### Supplied data ###
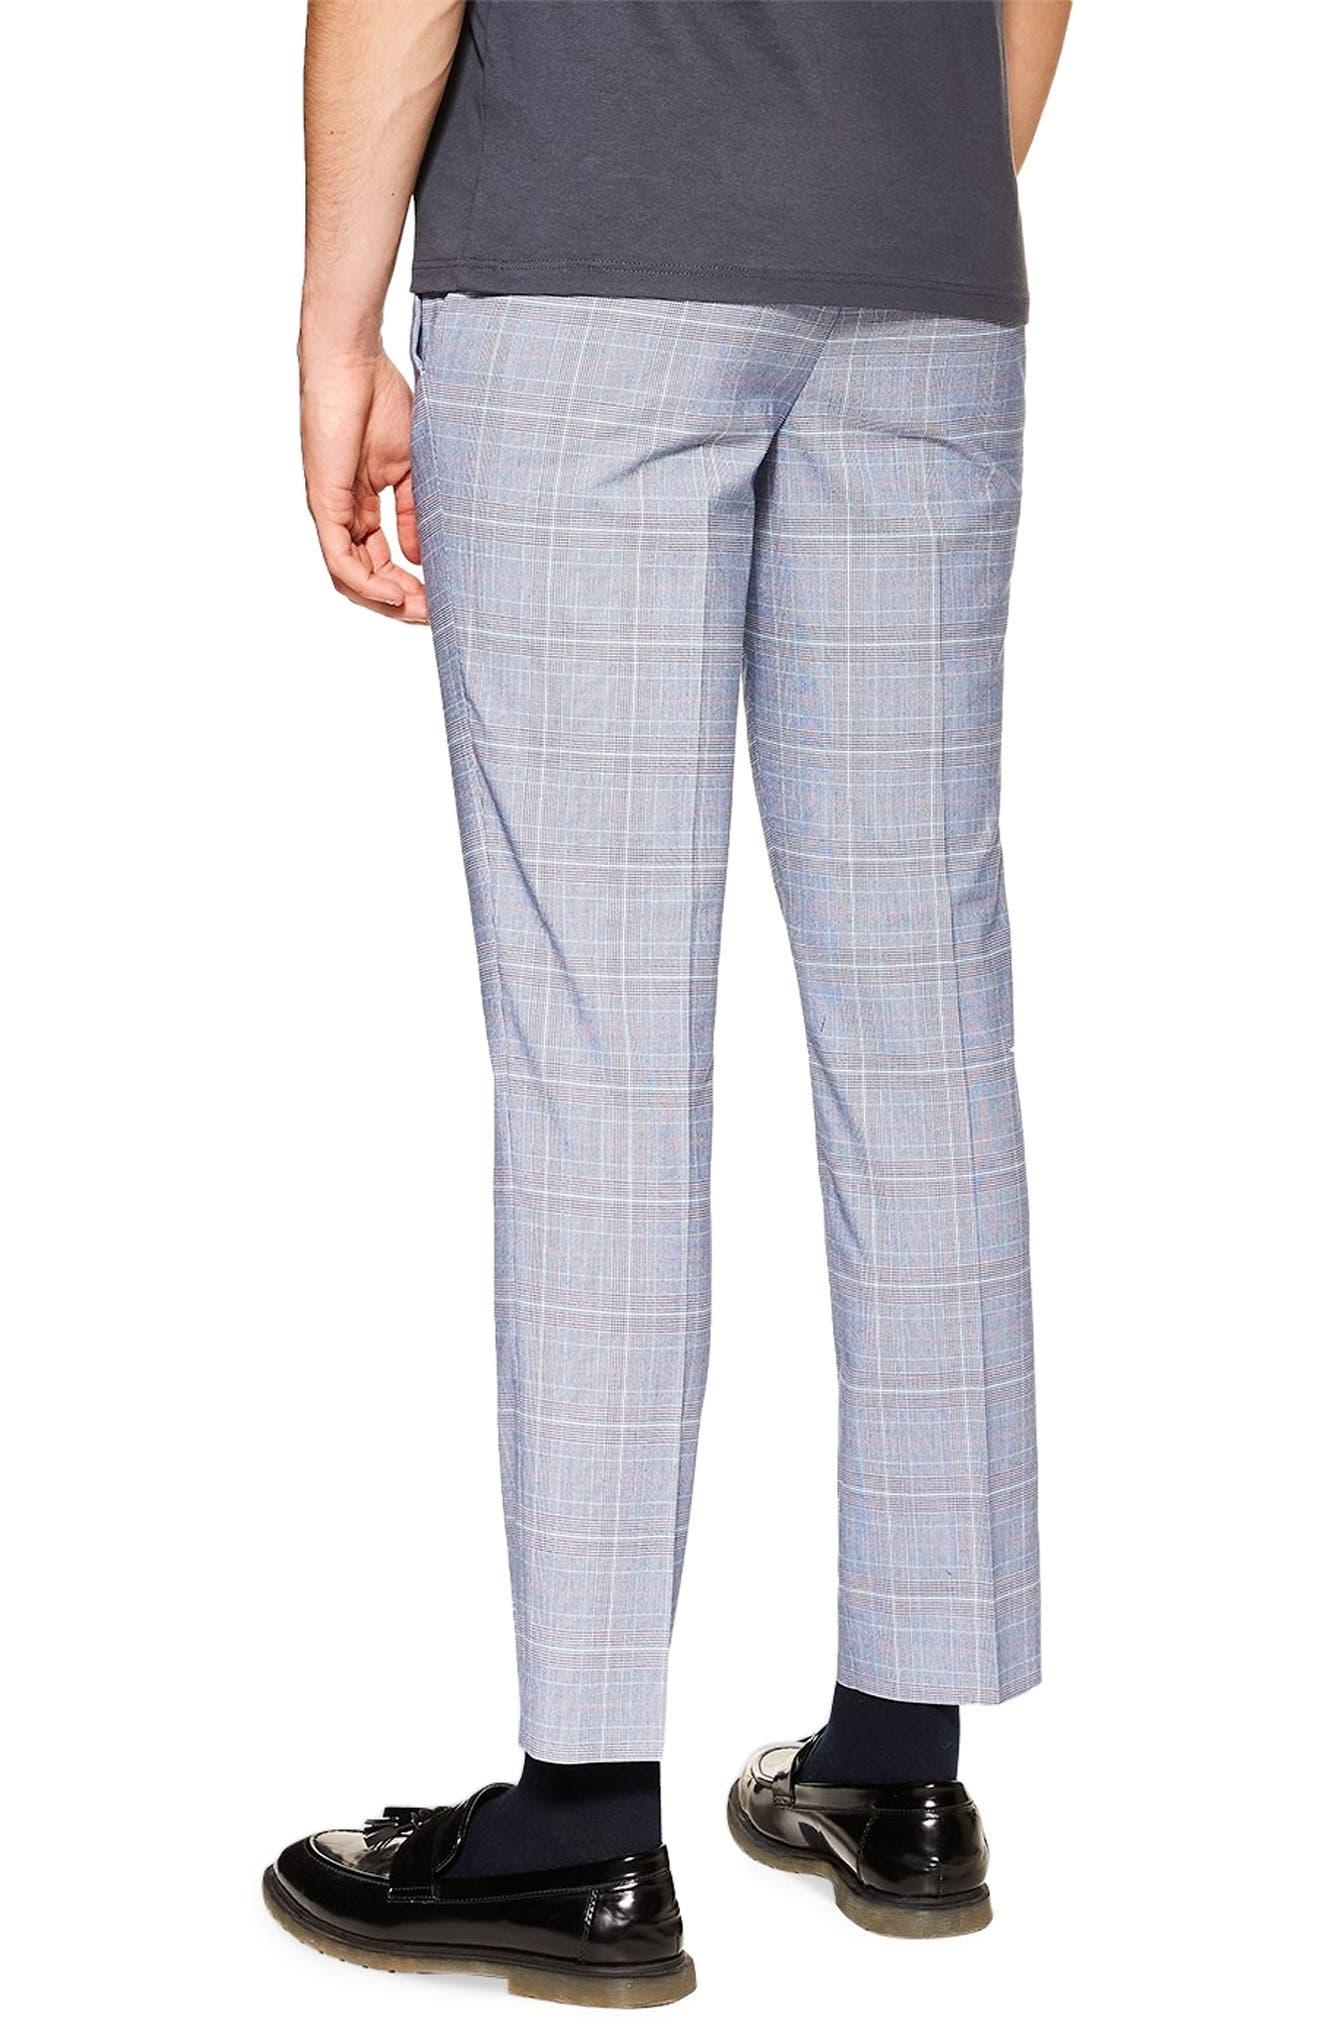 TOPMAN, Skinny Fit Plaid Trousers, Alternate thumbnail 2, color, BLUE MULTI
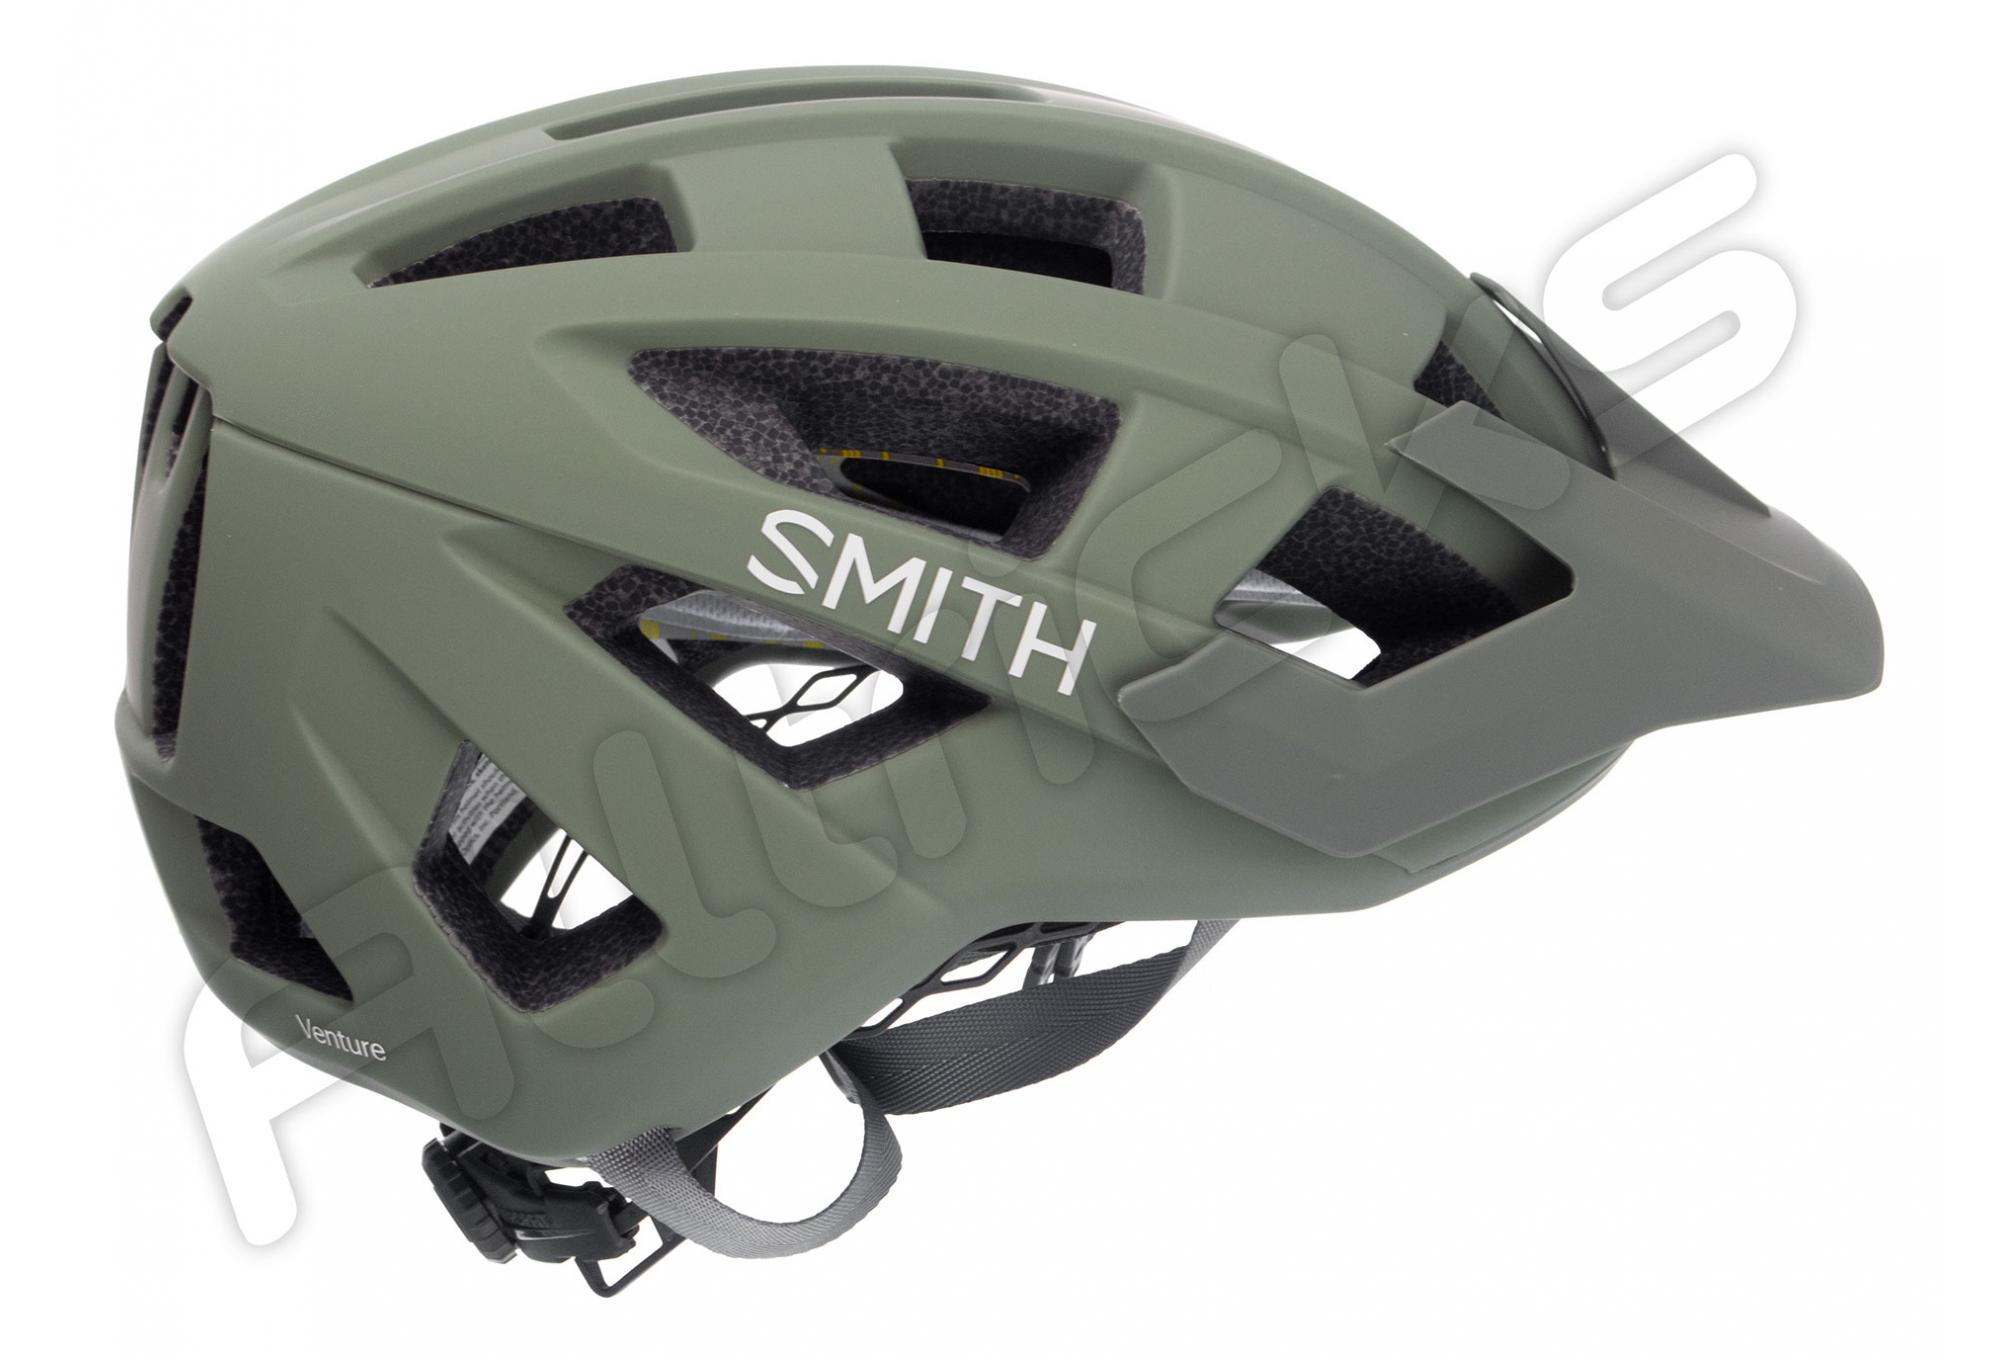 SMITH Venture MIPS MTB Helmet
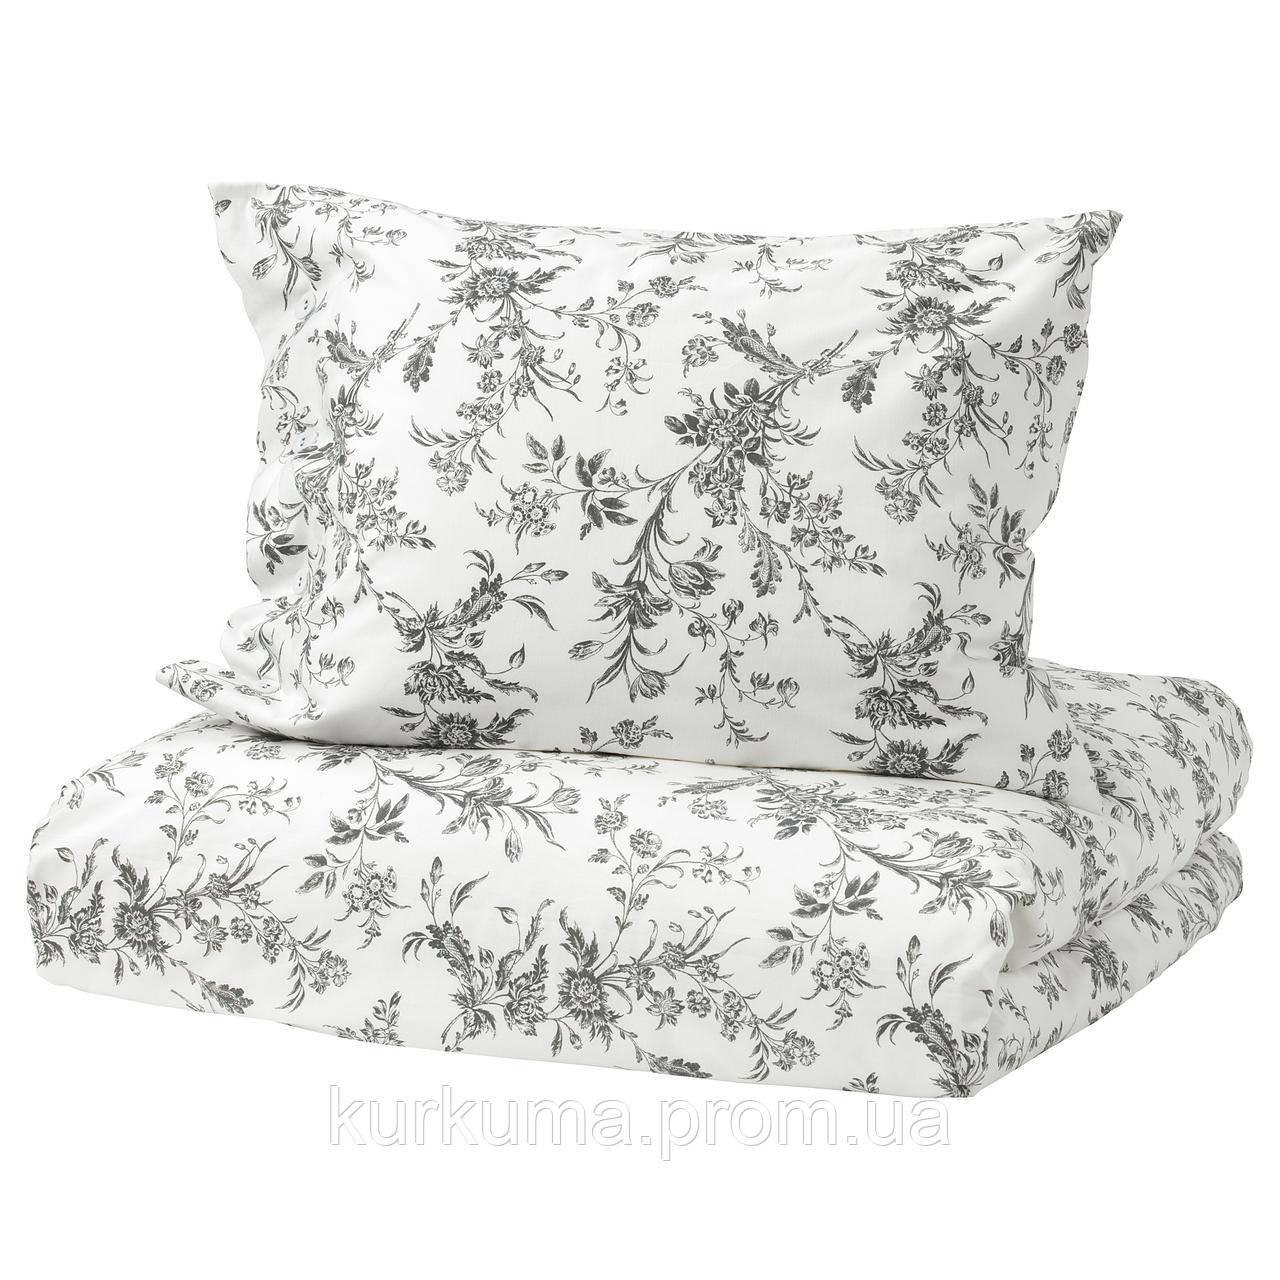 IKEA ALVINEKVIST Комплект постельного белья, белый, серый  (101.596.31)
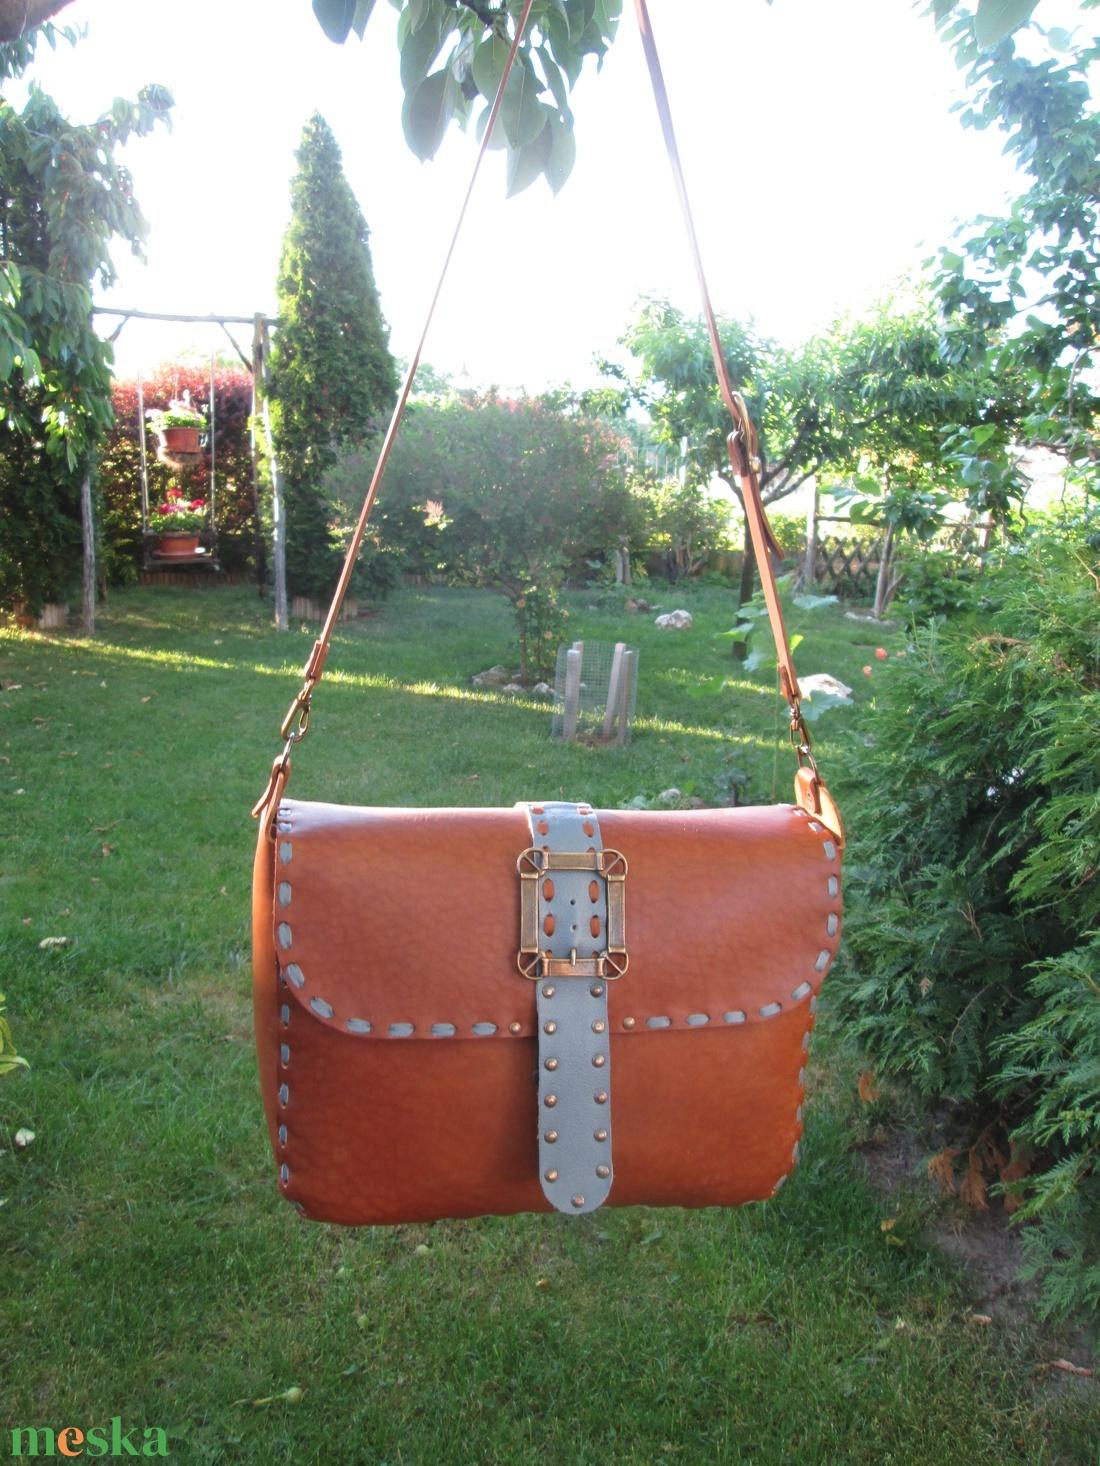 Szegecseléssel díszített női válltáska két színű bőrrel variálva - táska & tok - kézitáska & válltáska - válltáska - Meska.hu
###
» **Task instructions**: Print the data word for word and omit the pictures.

» **Problem solution**:
 TOPMAN, Skinny Fit Plaid Trousers, Alternate thumbnail 2, color, BLUE MULTI
 SMITH Venture MIPS MTB Helmet
 IKEA ALVINEKVIST Комплект постельного белья, белый, серый  (101.596.31)
 Szegecseléssel díszített női válltáska két színű bőrrel variálva - táska & tok - kézitáska & válltáska - válltáska - Meska.hu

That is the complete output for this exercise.